Diary of a Shinjuku Thief
In 1968, inspired by the youth-led protest movements across the world, director Nagisa Oshima cast two fresh faces—legendary painter/designer Tadanori Yokoo and actress Rie Yokoyama (Ecstasy of the Angels and Female Prisoner #701: Scorpion), both in their first film roles—as the titular book thief Birdy Hilltop and phony book salesgirl Umeko, who embark on an experimental, erotic, pop-art crime spree across Tokyo. Diary of a Shinjuku Thief is Oshima’s tribute to legendary writer Jean Genet, mashing together sexual desire with revolutionary dogma just to see what might happen.

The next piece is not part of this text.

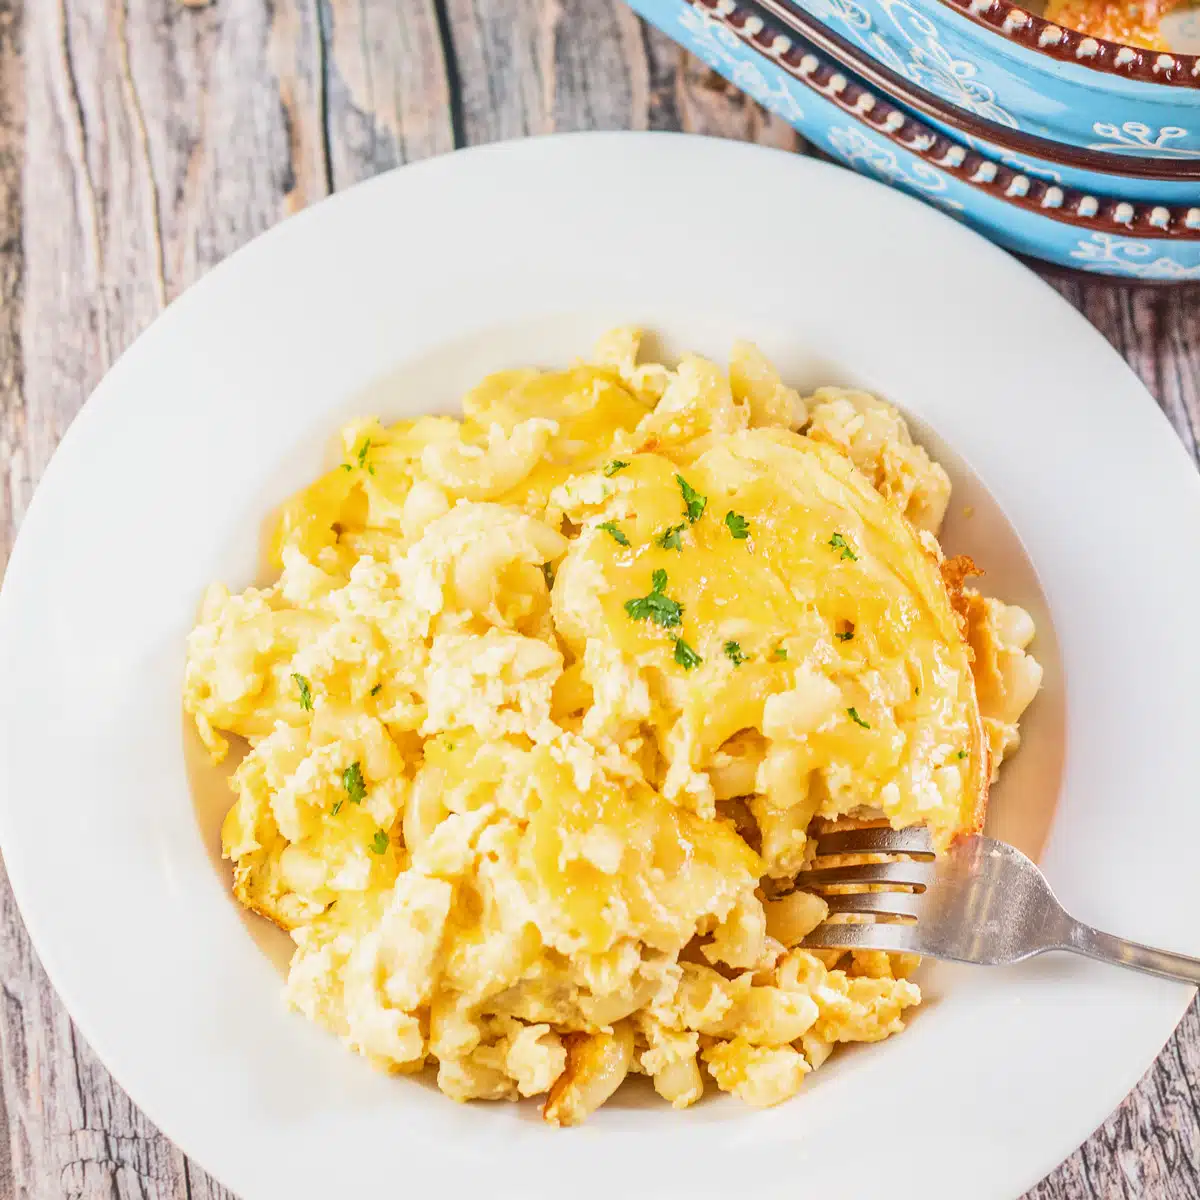 치즈, 계란, 사워 크림을 듬뿍 넣고 완벽하게 구운 폴라딘의 최고의 마카로니 앤 치즈 레시피.
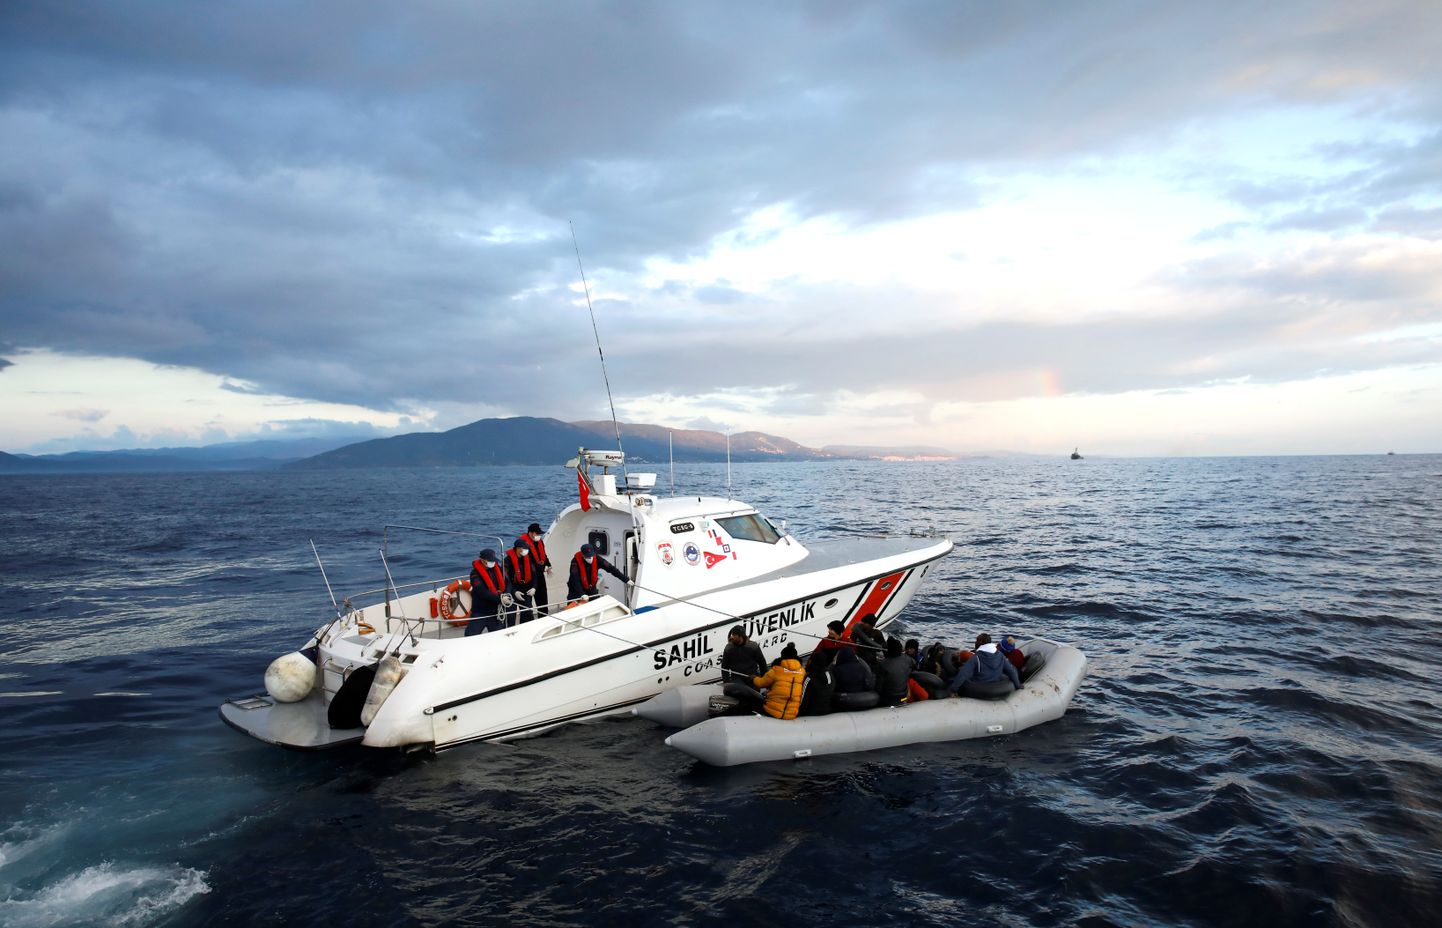 Turcijas krasta apsardze glābj migrantu laivu Egejas jūrā. 6.marts, 2020

Oshima’s revolution is a more free-wheeling one than his comrade Jean-Luc Godard (with whom he is paired for BAM’s Oshima X Godard series); the film’s faux-documentary interludes and excursions into kabuki theater suggest a playful wink that’s not always found in Godard’s work. Real-life Japanese leftist luminaries like Juro Kara (underground playwright and theater director) and his Situation Players, along with Moichi Tanabe, the actual owner of the bookstore robbed in the film, make winking cameos and further blur the line between fact and fiction. Diary of a Shinjuku Thief is part portrait of the Tokyo counter-culture, part revolutionary analysis of sexual desire, and part dizzying, colorful explosion of tasteful Japanese cinema.
Birdy and Umeko are ciphers in their world of shifting principles. After turning Birdy into the bookstore owner for stealing, Umeko reveals she doesn’t actually work at the store, but pretended to in order to meet Birdy. The pleasure of knowledge is on par with the pleasure of orgasm, real is fake and fake is real, black and white blossoms into color and then retracts again. The movie, and the characters, contain multitudes, and by focusing on one meaning, they (and we) miss many others. This anarchic mashup of image and political thought isn’t for everyone, but its barely-controlled chaos will appeal to fans of Shuji Terayama, Koji Wakamatsu, and, yes, Godard.